Pesaro Urbino, cala ancora numero imprese. Bene l’export

Pienamente rispettate le previsioni della CNA di Pesaro e Urbino di fine anno. La conferma arriva dai dati sul totale delle imprese attive in provincia di Pesaro e Urbino elaborati dal _Centro Studi_ _regionale _dell’associazione.
Si conferma, purtroppo, il trend negativo sulla dinamica delle imprese attive nel corso del 2019 che vede la provincia di Pesaro e Urbino perdere in un anno ben 482 imprese attive con cali concentrati soprattutto nel settore del_ commercio_ con la chiusura di ben 270 negozi (-3,3%), delle _costruzioni_ – 116 imprese (pari al 2,3%) e dell’_agricoltura_. Calano anche le manifatture -52 IMPRESE, pari ad un meno (-1,2%).
Ma la fotografia ancora più accurata sul settore della manifattura rivela che diminuiscono imprese soprattutto nel _legno e mobile_ con 27 imprese cessate (-3,5%), e nel _tessile abbigliamento e pelletterie_ -21 attività (-3,3%). Il totale delle imprese attive si riduce ulteriormente ed è ora complessivamente a 34.362 contro le 34.844 del 2018 registrando un calo complessivo del 1,4%.
Ma non tutte le notizie per fortuna sono negative. Crescono decisamente di numero infatti alcune attività di servizio_: attività tecniche e di noleggio_ (+5%), _agenzie di viaggio, servizi di supporto alle imprese_ (+5,8%). Alcune attività dei servizi ad alto contenuto di conoscenza (_attività finanziarie e assicurative_: +44,4%; _attività professionali scientifiche e tecniche_: (+12,5%).
“Arrivano dunque le prime conferme – dice il segretario della CNA di Pesaro e Urbino, MORENO BORDONI – di quanto abbiamo affermato nei mesi scorsi circa il riposizionamento di molte attività nella nostra provincia. E i dati lo confermano”. Bordoni poi precisa. “I comparti tradizionali (_mobile, tessile, costruzioni_), segnano il passo e si affacciano attività in settori che fino a qualche anno fa risultavano marginali. Ecco allora che si sono affacciate sul mercato attività legate ai servizi ed in particolare alla _sanità e all’assistenza sociale_ (+2,6%); _attività di intrattenimento culturale ed artistico_(+1,2%)”. Ma non mancano i dati curiosi come quelli delle imprese legate alla _riparazione e manutenzione_ che sono tornate decisamente a crescere (+5,6%), segno inequivocabile che sta prendendo piede una pratica sempre più diffusa relativa al riuso e al riutilizzo di
materiali e mezzi in omaggio ad un’economia sempre circolare.
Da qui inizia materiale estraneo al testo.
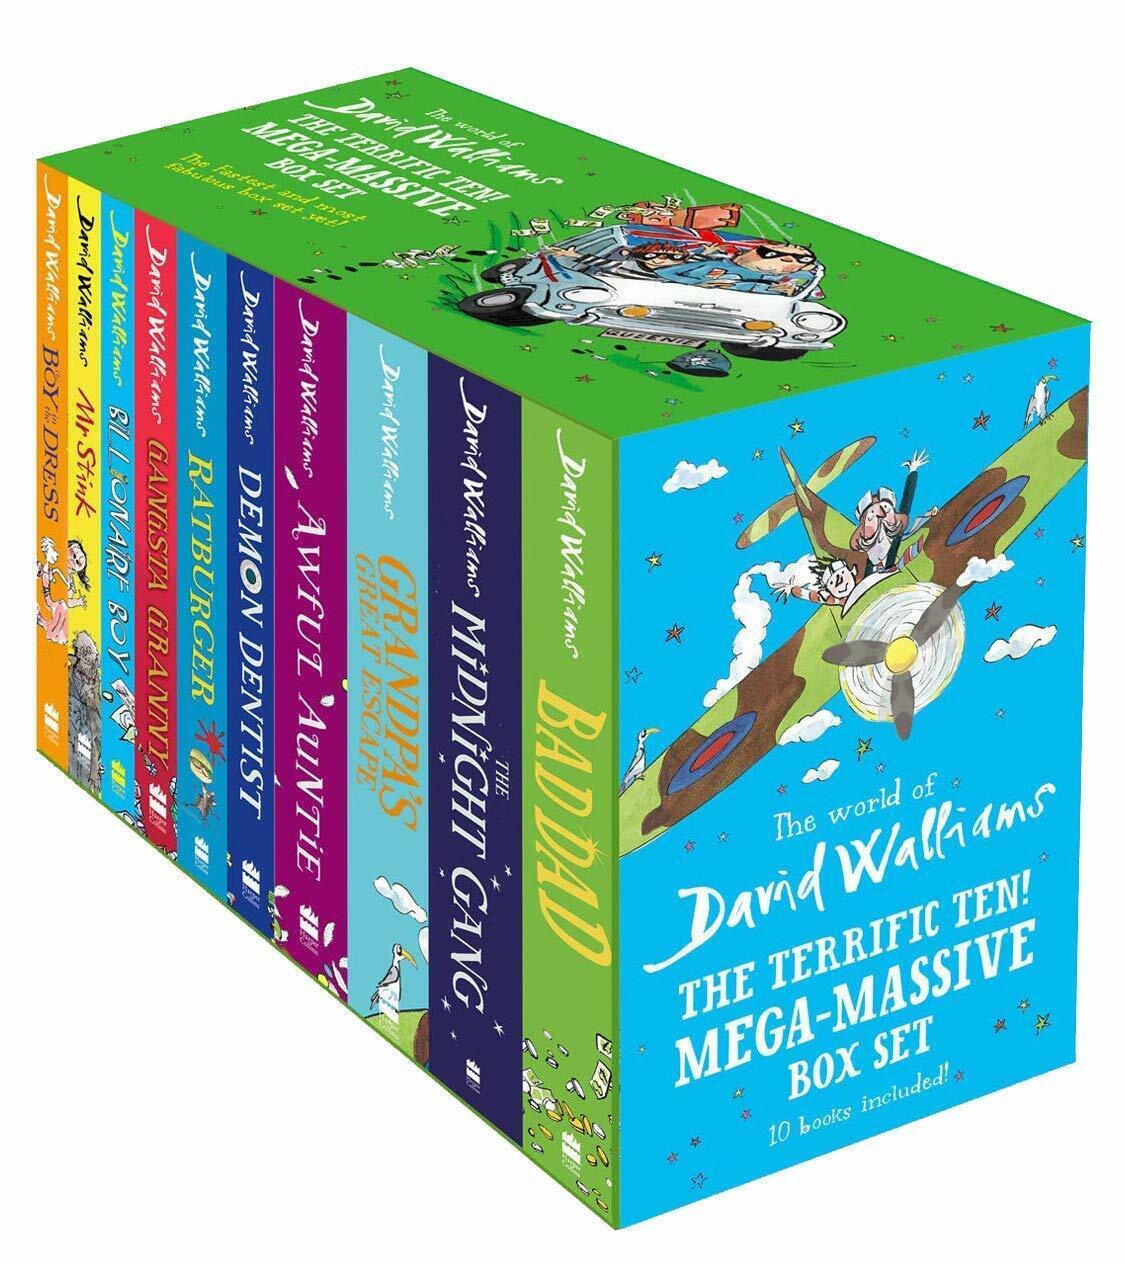 World of David Walliams The Terrific Ten! Mega-Massive 10 Books Collection Set - Lets Buy Books

Così come sul lato opposto crescono invece a sorpresa le attività legate alla _produzione di gomma e di materie plastiche_ (+2,5%)”.
In generale per il segretario della CNA “Si tratta comunque di un riposizionamento importante che oltre a questi dati vede consolidarsi anche la consistenza nel settore turistico e della ristorazione”.
Le altre note positive vengono dai dati sulle esportazioni con una crescita notevole dell’export (+11,7%) rispetto allo stesso periodo dell’anno prima, ben più marcata di quella regionale (+3,9%), in parte accentuata dai dati relativi alla nautica.
Se si considerano le principali voci di esportazione della provincia, si vede come rimangano saldamente quelle della _meccanica: dei _prodotti in metallo_ escluse le macchine (OLTRE 567MILIONI), delle _macchine e impianti_ (545MILIONI), dei _mezzi di trasporto_ (229MILIONI) e, in particolare, delle _imbarcazioni (193MILIONI), delle altre _manifatture_ (218MILIONI) e, in particolare, delle _produzioni mobiliere_ (213MILIONI).
“Sono anni che i dati relativi alle esportazioni continuano a regalarci soddisfazioni a dispetto dell’andamento del mercato interno – afferma in conclusione Moreno Bordoni – speriamo solo che le recenti tensioni internazionali, che le guerre sui dazi – e da ultimo l’allarme per il corona virus – non rallentino o, peggio, blocchino, le esportazioni delle nostre imprese”.